He looked at her; she was quite in earnest.
"I suppose it to be different," he answered. "You must remember how little you have told me."
"I thought I told you a good deal! However, the atmosphere of a reception is no place for such subjects, and I can understand that you did not take it in. That is the reason I asked you to come and see me here. Shall I begin at once? It seems rather abrupt."
"I enjoy abruptness; I have not heard any for a long time."
"That I can understand, too; I suppose the society here is all finished off—there are no rough ends."
"There are ends. If not rough, they are often sharp."
But Miss Macks did not stop to analyze this; she was too much occupied with her own subject.
"I will begin immediately, then," she said. "It will be rather long; but if you are to understand me you ought, of course, to know the whole."

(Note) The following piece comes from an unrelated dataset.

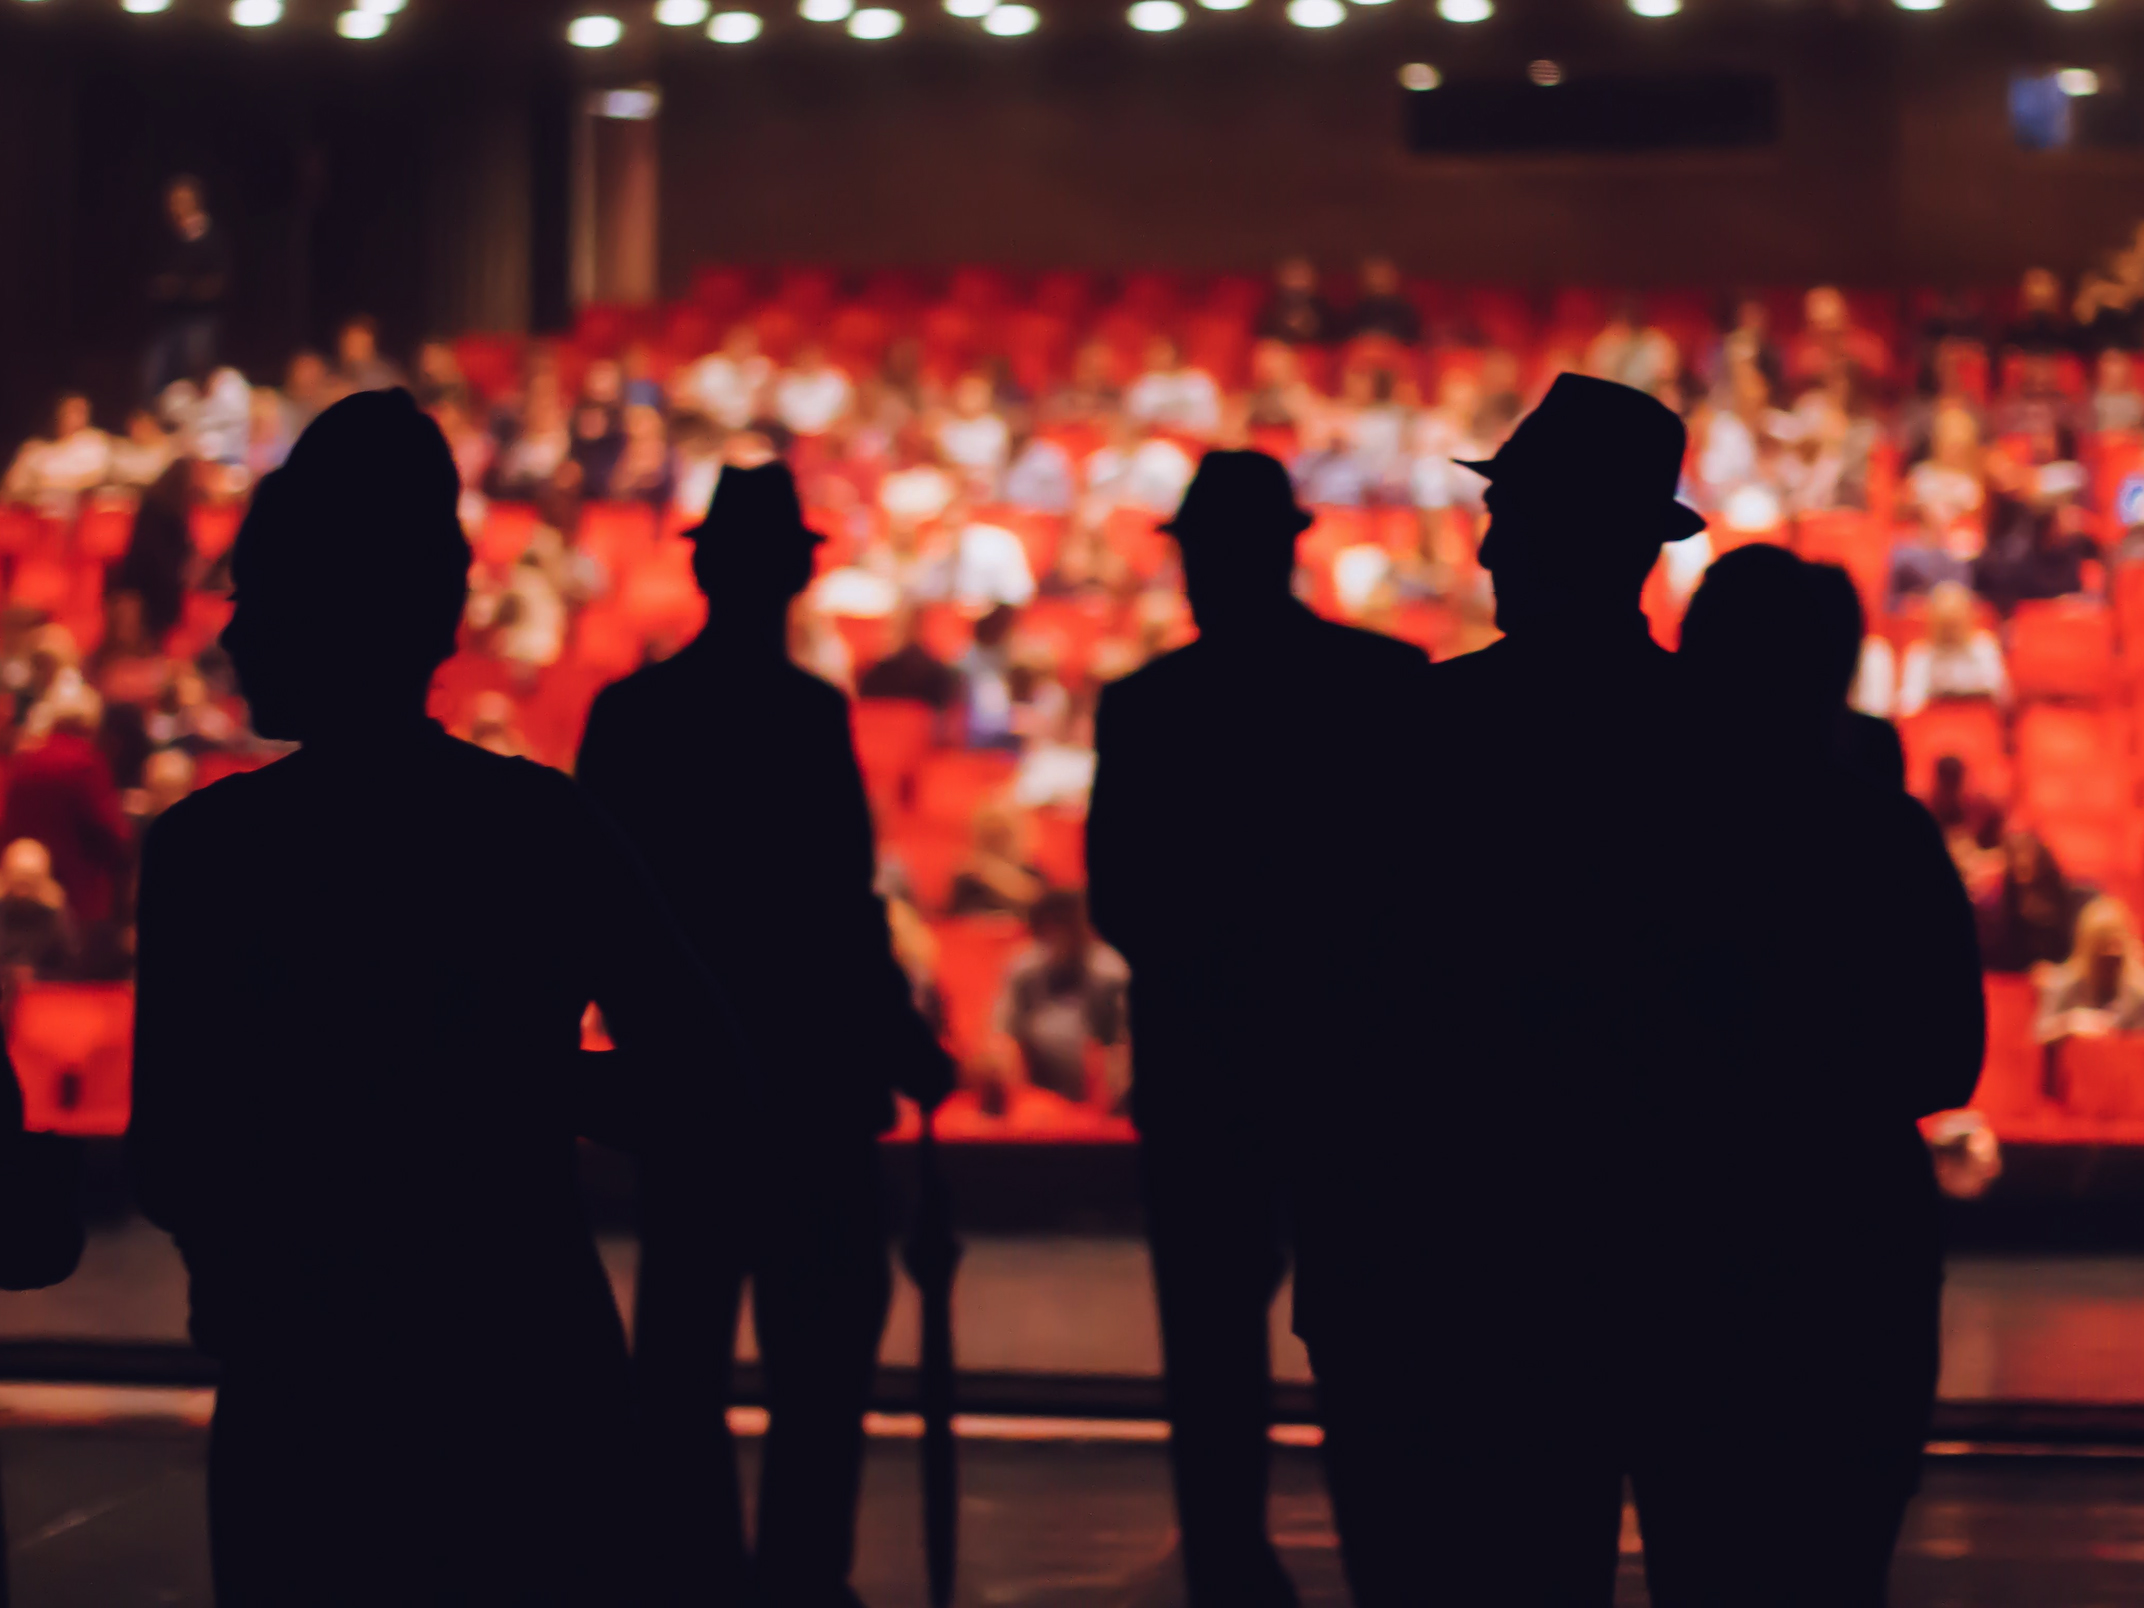 Театр - Голливудские актеры на Бродвее

"My chair is very comfortable," replied Noel, placing his hat and gloves on the sofa near him, and taking an easy position with his head back.
Miss Macks thought that he ought to have said, "The longer it is, the more interesting," or something of that sort. She had already described him to her mother as "not over-polite. Not rude in the least, you know—as far as possible from that; wonderfully smooth-spoken; but yet, somehow—awfully indifferent." However, he was Raymond Noel; and that, not his politeness or impoliteness, was her point.